There are two separate issues:

  1. manufacturing a CRT with sufficient precision that the holes in the shadow mask exactly line up with the phosphor dots as "seen" by electrons travelling in a straight line between the anode and phosphor, for a variety of vertical and horizontal deflection angles
  2. squeezing the colour information into the same bandwidth as existing B&W info (PAL, SECAM or NTSC encoding)

(1) is mainly manufacturing tolerances and linearity of electronic control signals (focus, beam deflection).

(2) is the really amazing one: the use of a colour sub-carrier that causes the spectrum of the colour information (which mainly occurs at multiples of the line rate) to interleave with that of the luminance signal (which has a similar spectrum) by use of f(sc) = (f(line)+1)/2, together with vestigial sideband AM to give full colour bandwidth for one sideband and low-pass-filtered sideband on the other.

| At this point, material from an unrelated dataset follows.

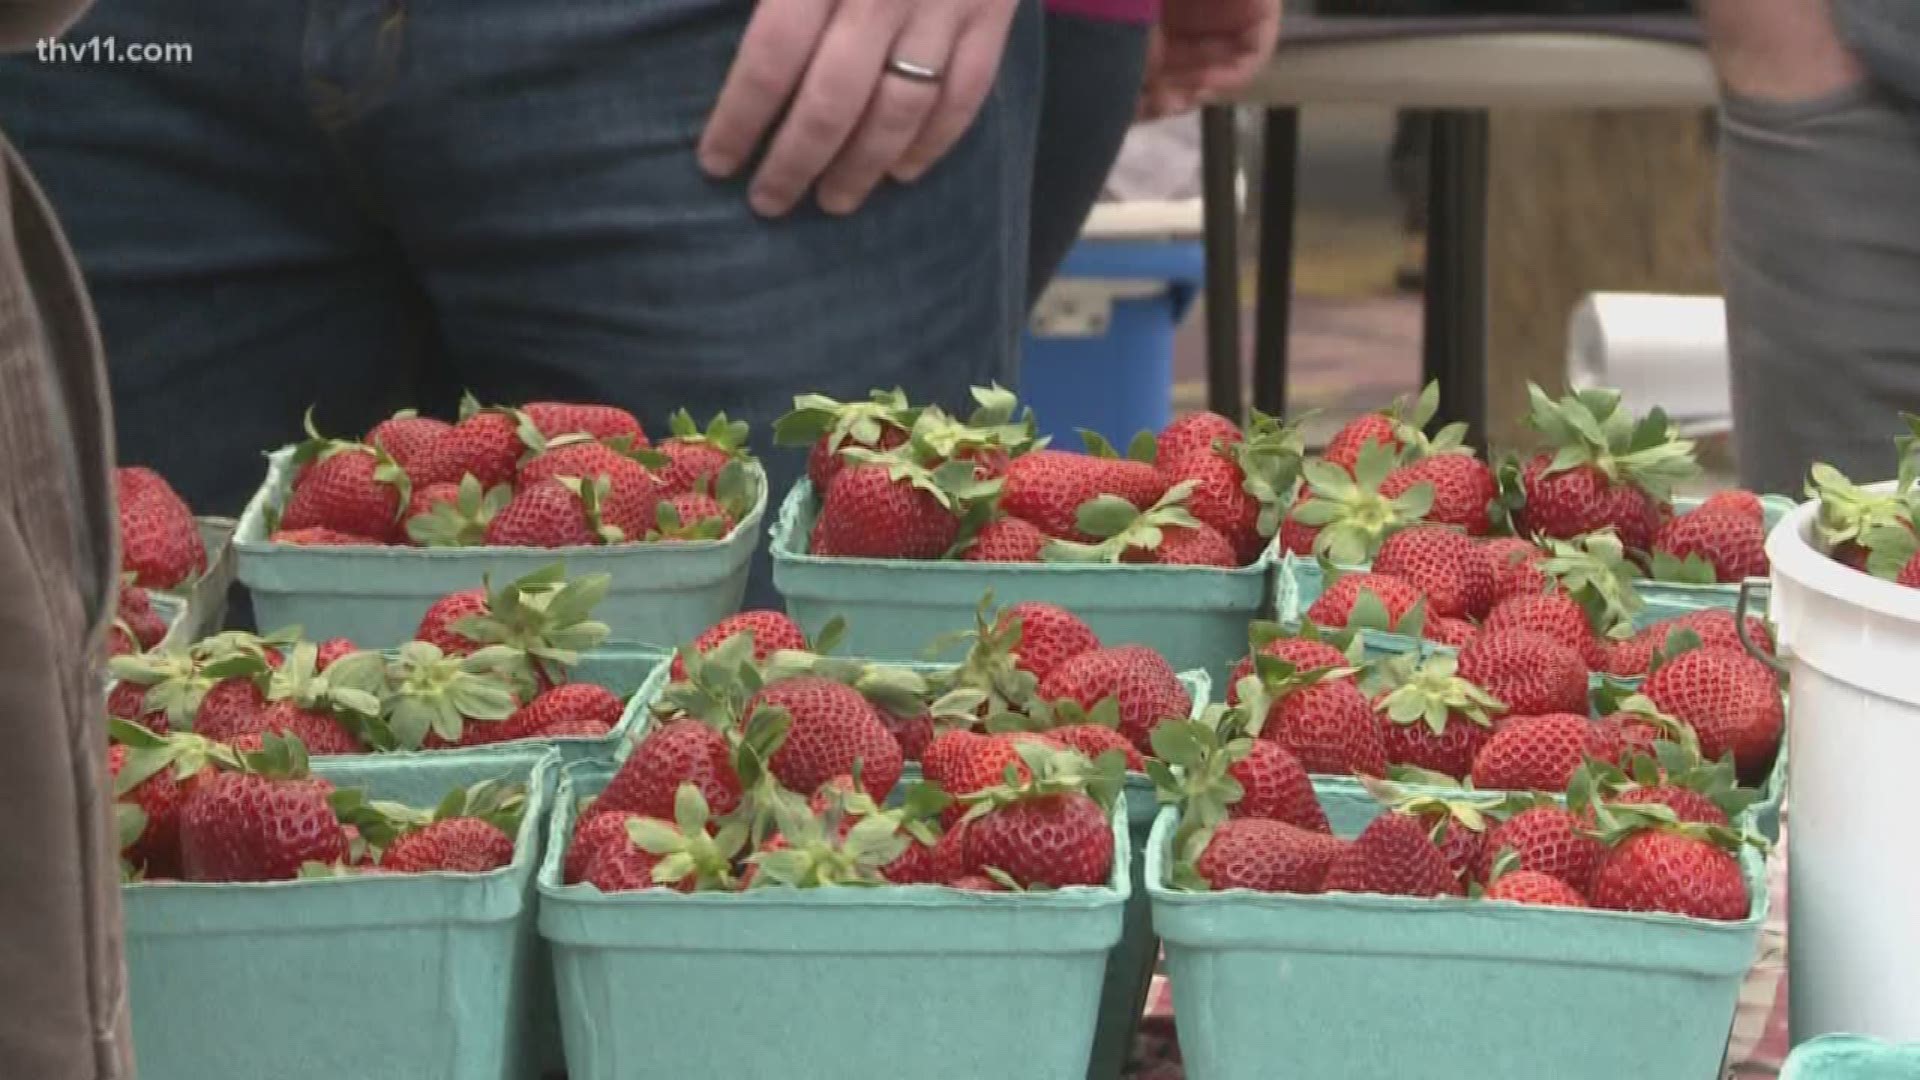 Bernice Garden Farmer's Market holds Strawberry Festival
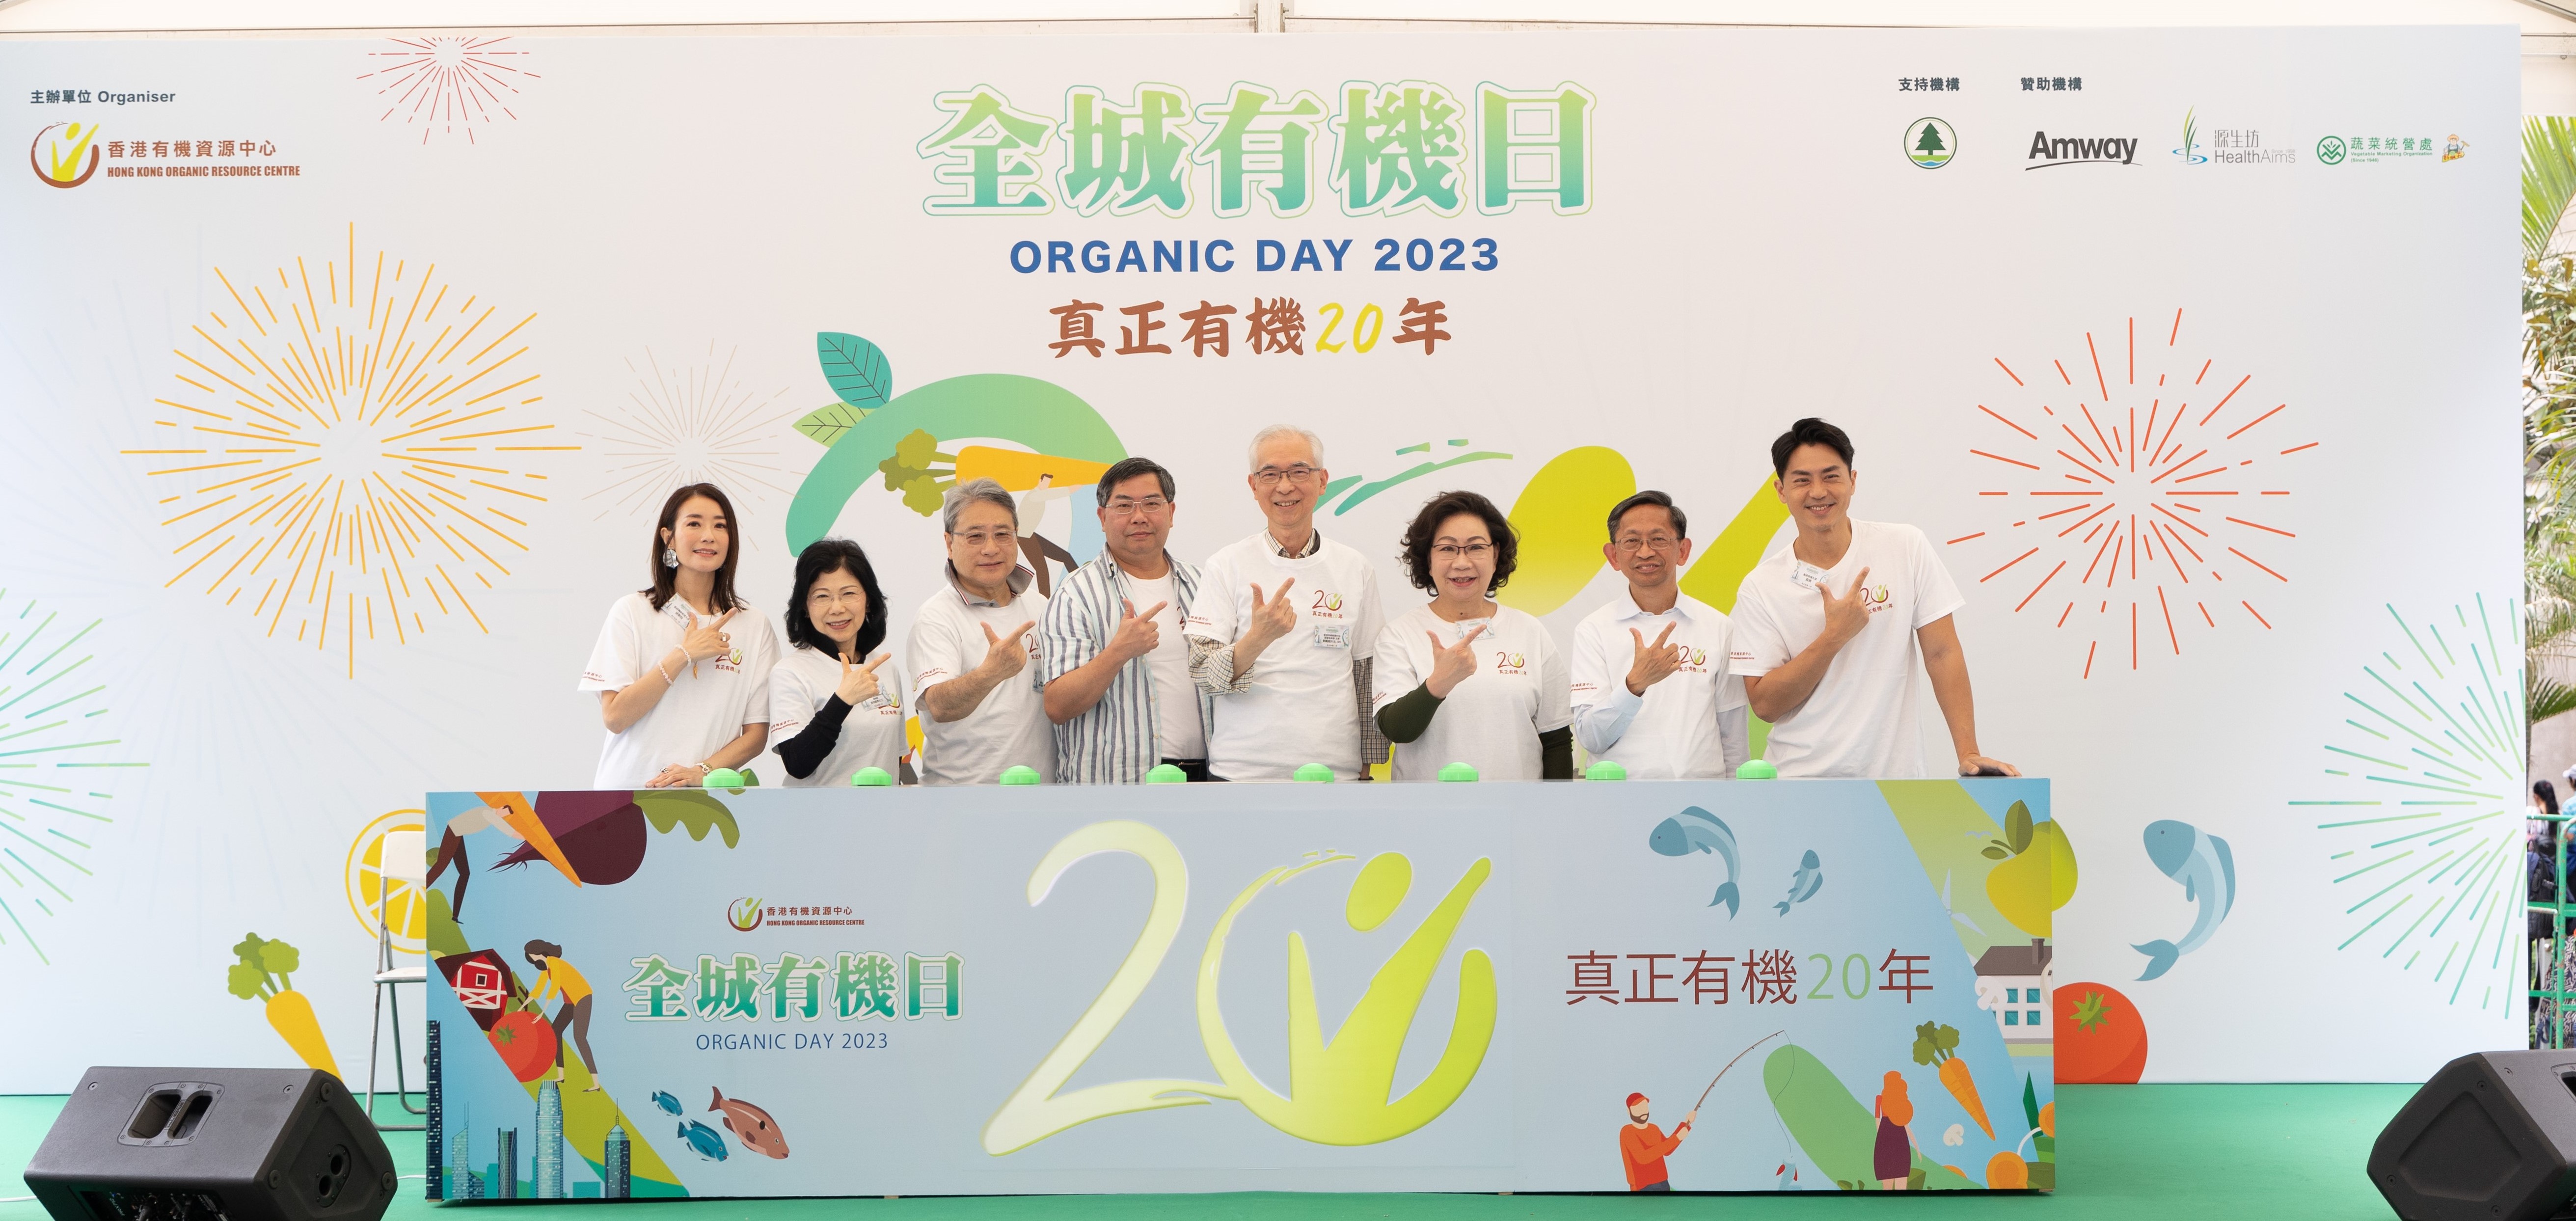 安利(香港)全力支持「全城有機日2023」- 貫徹實踐環保理念

Making sure that none of the newly-introduced signals interfere with the existing luminance signals, so choose a sub carrier that causes a dot pattern that moves rather than being stationary (to make it less noticeable). And then using quadrature modulation so the U and V signals are modulated about the same carrier but don't interfere with each other.

And then we have the PAL improvements over NTSC to prevent phase errors manifesting themselves as shifts in hue (they only cause error in saturation which is much less notceable).

But then we get onto the encoding of digital TV signals into interleaved MPEG streams, COFDM encoding, pseudo-random encoding to make the digital signal look like noise with no discernable pattern when received on an analogue TV (that factor is no longer needed!). I wonder how big a DTV receiver would be if it had to be constructed with discrete transistors, resistors and capacitors, without the benefit of integrated circuits.

Reply to
NY

Those hoverboards would be more awesome if they actually hovered:-)

Reply to
ARW

Today apparently shoplifters are using the hoverboards to help them nick stuff fast. Trouble is the less expert people usually end up in a big heap on the ground with a big security guard looking down at them in that way they have that indicates You stupid boy... as for crts, it was gradual. Remember the basic cathode ray tube, love the oldfasioned name, was very old indeed, but the colour system was I believe invented by some RCA bloke one day, who realised that the shadow masked itself could be used to indicate where the phospher dots needed to go. It was done photographically I believe. Very power wasteful though when you consider a lot of the beam is obscured on each gun. Brian

Reply to
Brian-Gaff

On your last point I can only point you to what happens if, of example even a computer from the 1980s logic arrays are simulated by ordinary logic chips of the time the resulting pcb would no longer fit in the box. Another example was good old fashioned teletext of the old sort. The first boards made were huge crammed with chips. Pye Labgear made an adaptor just for teletext in the early days. As it also contained a tv minus the display, it was as big as an early video, and the tifax decoder made by Texas Instruments was more than a foot square crammed with chips and took a lot of current. However only five years on and the whole thing was in one tiny chip fitted inside most tvs. Brian

Reply to
Brian-Gaff

Yes but the idea is a good one. I do feel though that all of those devices are a bit dangerous in crowds and indeed around us blind folk. they are actually illegal and of course if you have an accident in one you are not covered by any insurance either. Brian

Reply to
Brian-Gaff

Never mind tellys, I still marvel at the very radio waves themselves!

As for a crystal set, I find it's so wonderful in its sheer simplicity.

Reply to
pamela

Especially the Delta guns where 90% of the power ended up heating the shadow mask. Some were made of Invar to reduce distortion.

Reply to
Fredxxx

Nearer to magic than science! Loved making them as a kid.

Tim

Reply to
Tim+

I tried to breath in that same sense of wonderment about a crystal set into a 15 year old relative of mine. I may as well have been talking Chinese. He simply couldn't understand why anyone wouldn't use their smartphone and stream audio from the net.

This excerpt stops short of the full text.